What the task requires —
In the material below, print every line exactly and omit the pictures.
___ Supplied data
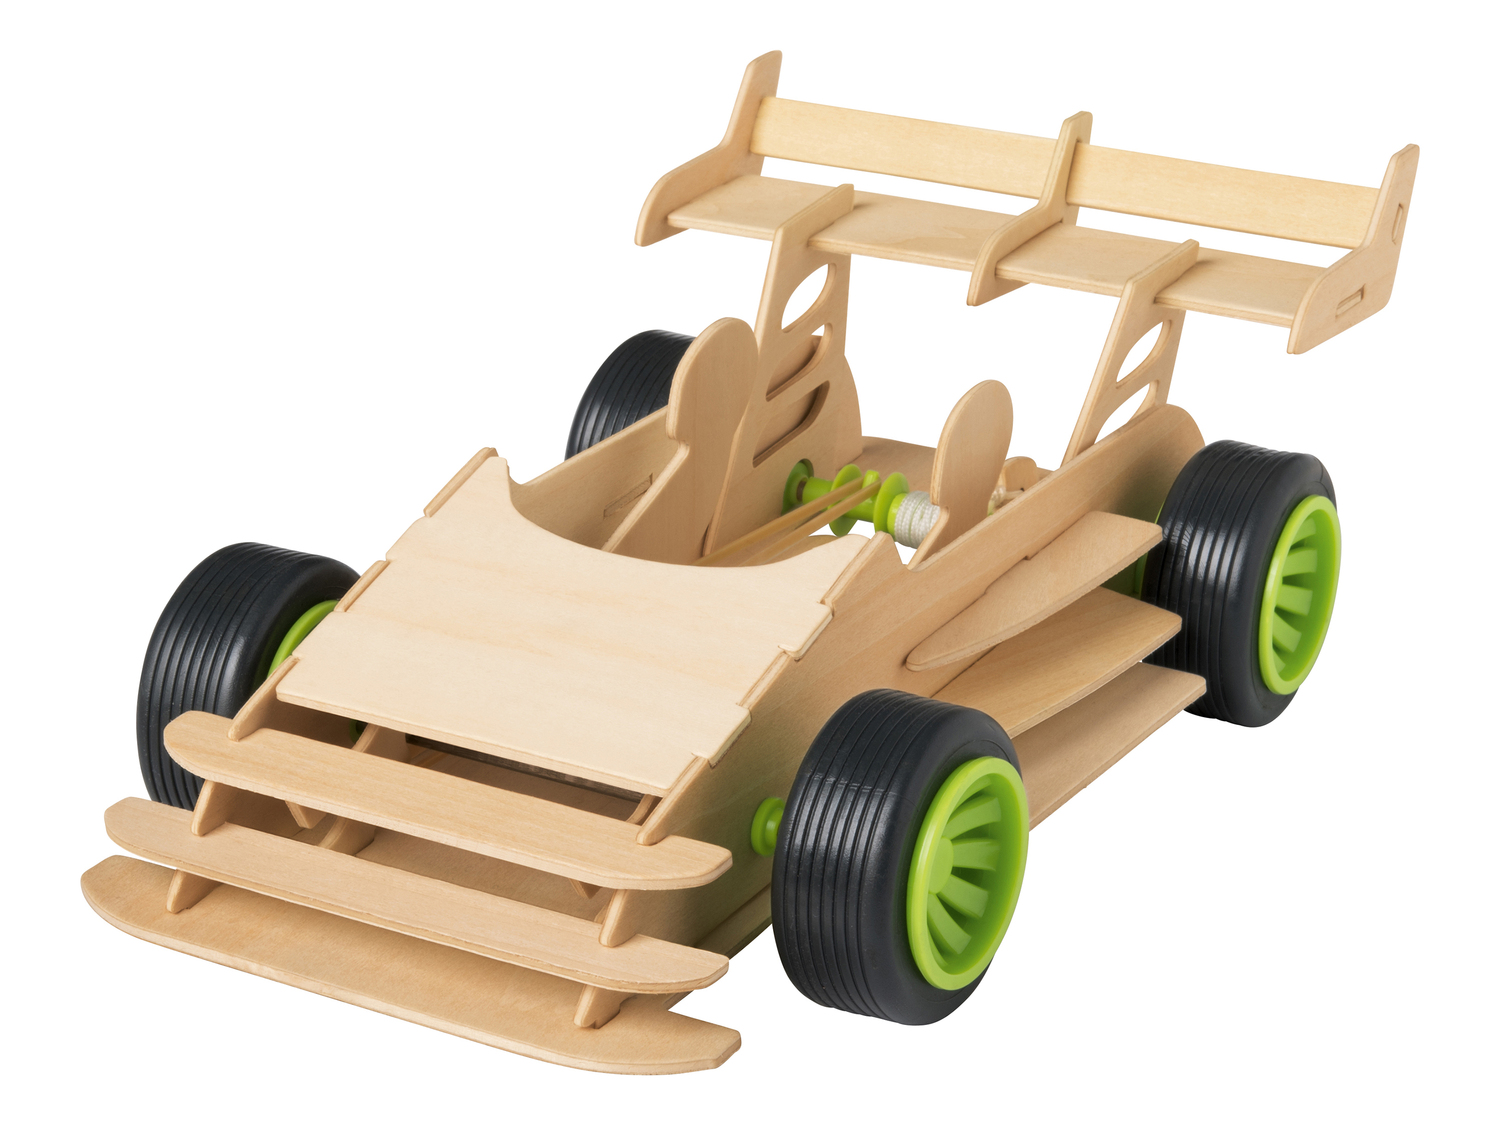 Set modellino in legno da costruire Playtive Junior, prezzo 9.99 &#8364; 

Caratteristiche

- ...
______
Task output —
 Set modellino in legno da costruire Playtive Junior, prezzo 9.99 &#8364; 

Caratteristiche

- ...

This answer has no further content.